We take a simple random sample of 100 people and check their ages. Out of the 100, 15 are 65. What is the probability that the proportion of people over 65 in the entire population is between 13% and 17%? What error range can we guarantee with 90% certainty?
Use the normal approximation to the binomial distribution.
mean = np
sd = √npq (where q = 1-p)
Therefore:
mean = 100 * .15 = 15
sd = √npq = √(100 * .15 * .85) = 3.57
Use z-scores:
z = (13 - 15)/3.57 = -0.56
z = (17 - 15)/3.57 = 0.56
Use a z-table to find the probability between the two z-scores.
For the second part, use a 90% confidence interval formula.
I hope this will help get you started.
To determine the probability that the proportion of people over 65 in the entire population is between 13% and 17%, we need to use statistical inference. Specifically, we can use the concept of confidence intervals.
To calculate the probability, we'll use the binomial distribution since we have a fixed sample size (100) and a binary outcome (over 65 or not over 65). The sample proportion can be calculated as the number of successes (15) divided by the sample size (100), which is 0.15 or 15%.
To find the probability that the proportion falls between 13% and 17%, we need to calculate the cumulative probability of the binomial distribution within that range. We can use software or statistical tables to obtain the exact probability. Let's assume that the probability is P, so we have:
P(13% ≤ proportion ≤ 17%) = P(proportion ≤ 17%) - P(proportion < 13%)
Next, we need to determine the standard error of the proportion, which quantifies the uncertainty in our estimate. The formula for the standard error (SE) of a proportion can be calculated as:
SE = sqrt((proportion * (1 - proportion)) / sample size)
In this case, it would be SE = sqrt((0.15 * 0.85) / 100) ≈ 0.0387.
Using the standard error, we can calculate the margin of error (ME) for a 90% confidence level.
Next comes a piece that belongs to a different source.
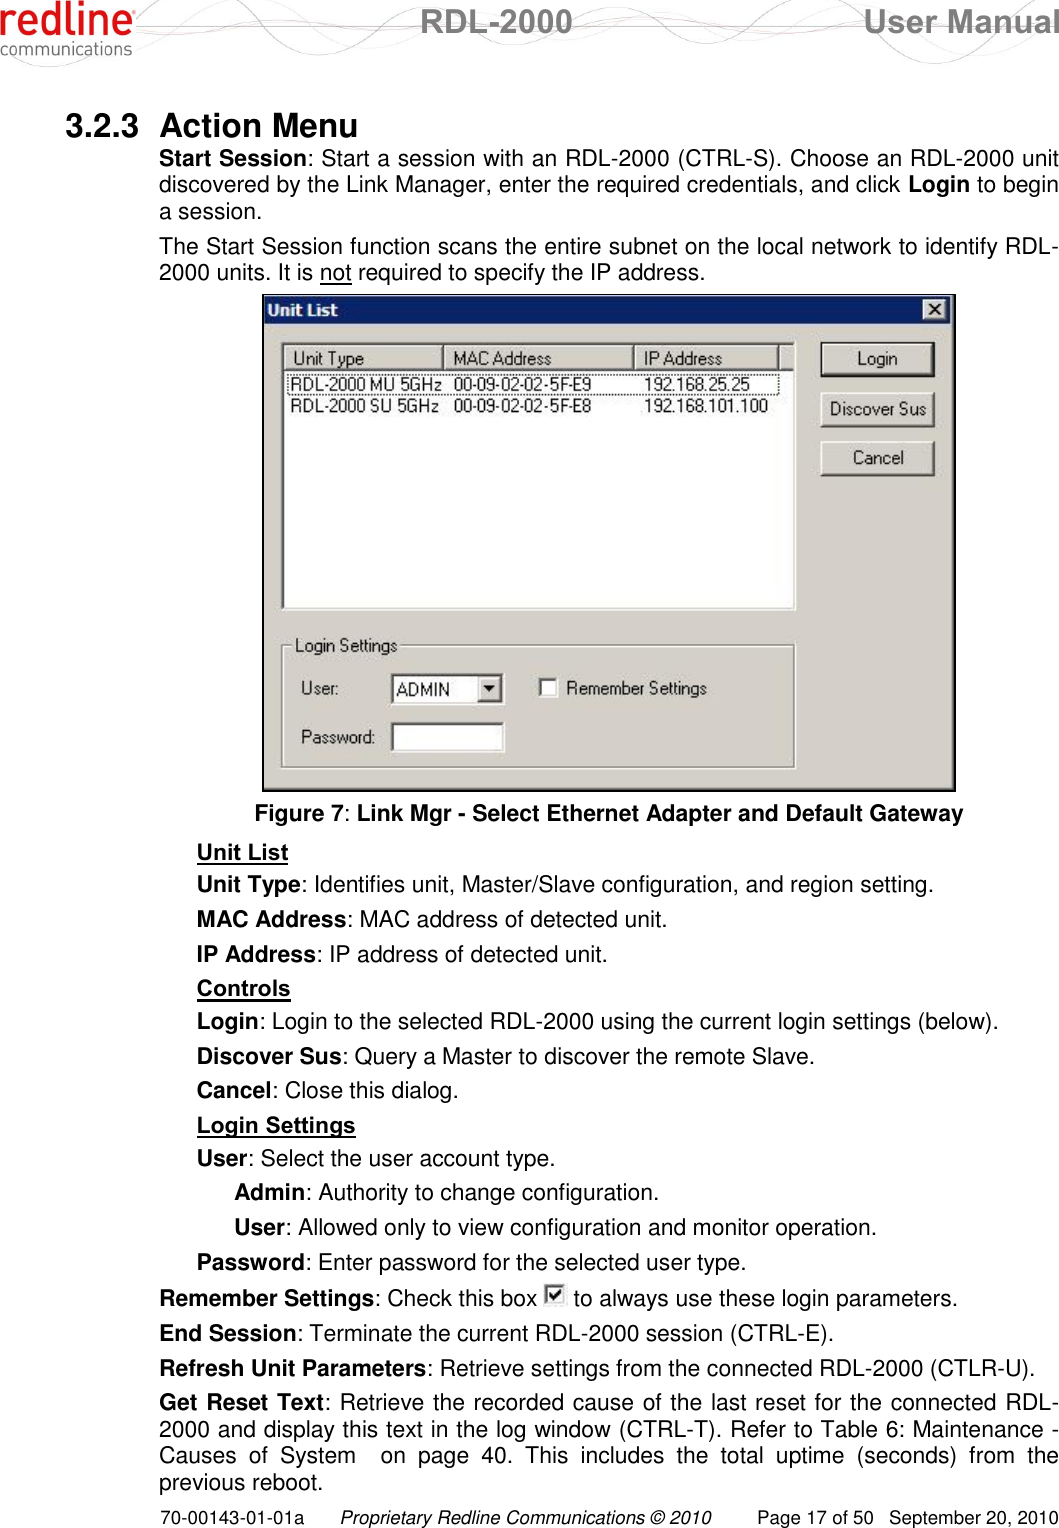  RDL-2000  User Manual 70-00143-01-01a Proprietary Redline Communications © 2010  Page 17 of 50  September 20, 2010 3.2.3  Action Menu Start Session: Start a session with an RDL-2000 (CTRL-S). Choose an RDL-2000 unit discovered by the Link Manager, enter the required credentials, and click Login to begin a session. The Start Session function scans the entire subnet on the local network to identify RDL-2000 units. It is not required to specify the IP address.  Figure 7: Link Mgr - Select Ethernet Adapter and Default Gateway Unit List Unit Type: Identifies unit, Master/Slave configuration, and region setting. MAC Address: MAC address of detected unit. IP Address: IP address of detected unit. Controls Login: Login to the selected RDL-2000 using the current login settings (below). Discover Sus: Query a Master to discover the remote Slave. Cancel: Close this dialog. Login Settings User: Select the user account type.  Admin: Authority to change configuration.  User: Allowed only to view configuration and monitor operation. Password: Enter password for the selected user type. Remember Settings: Check this box   to always use these login parameters. End Session: Terminate the current RDL-2000 session (CTRL-E). Refresh Unit Parameters: Retrieve settings from the connected RDL-2000 (CTLR-U). Get Reset Text: Retrieve the recorded cause of the last reset for the connected RDL-2000 and display this text in the log window (CTRL-T). Refer to Table 6: Maintenance - Causes  of  System    on  page  40.  This  includes  the  total  uptime  (seconds)  from  the previous reboot. 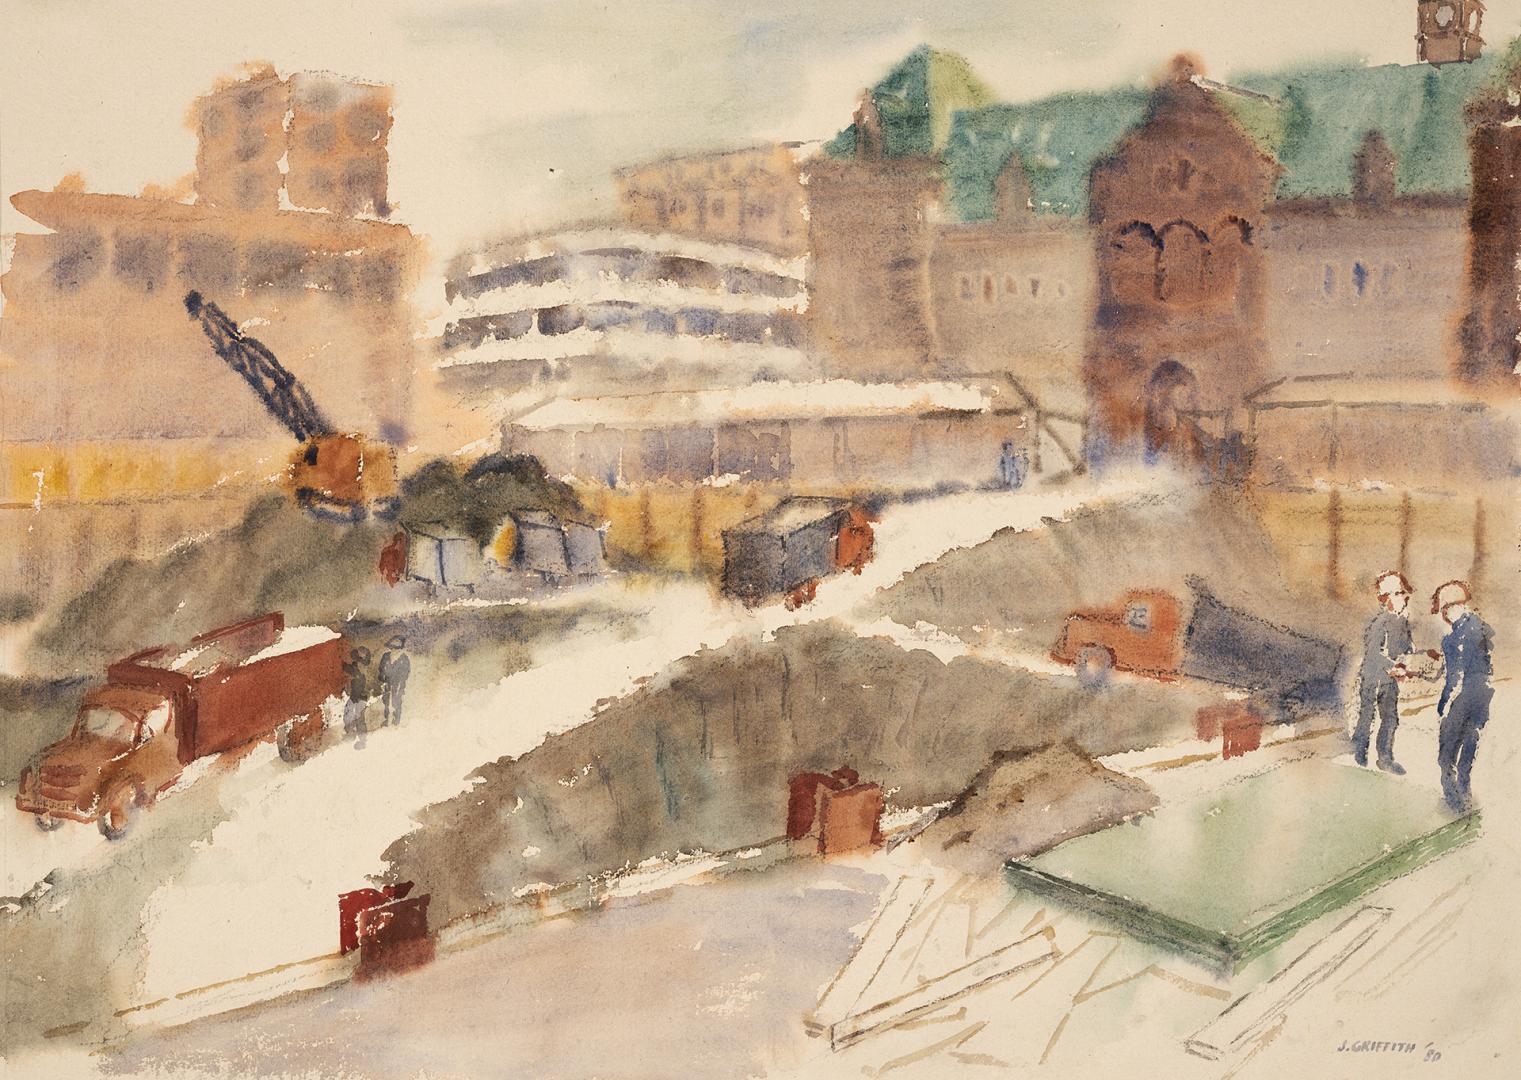 A painting of an urban area under construction, depicting workers and construction equipment in ...

The formula for the margin of error is:
ME = z * SE
Where z represents the critical value for a given confidence level. For a 90% confidence level, the z-value is approximately 1.645.
Applying the formula, we have:
ME = 1.645 * 0.0387 ≈ 0.0636
Thus, we can guarantee a 90% confidence interval by adding and subtracting the margin of error (ME) to the sample proportion. Therefore, the error range with 90% certainty is:
15% ± 0.0636
Finally, to find the probability of the proportion falling within this interval, we need to calculate the cumulative probability of the binomial distribution within this range, as mentioned earlier.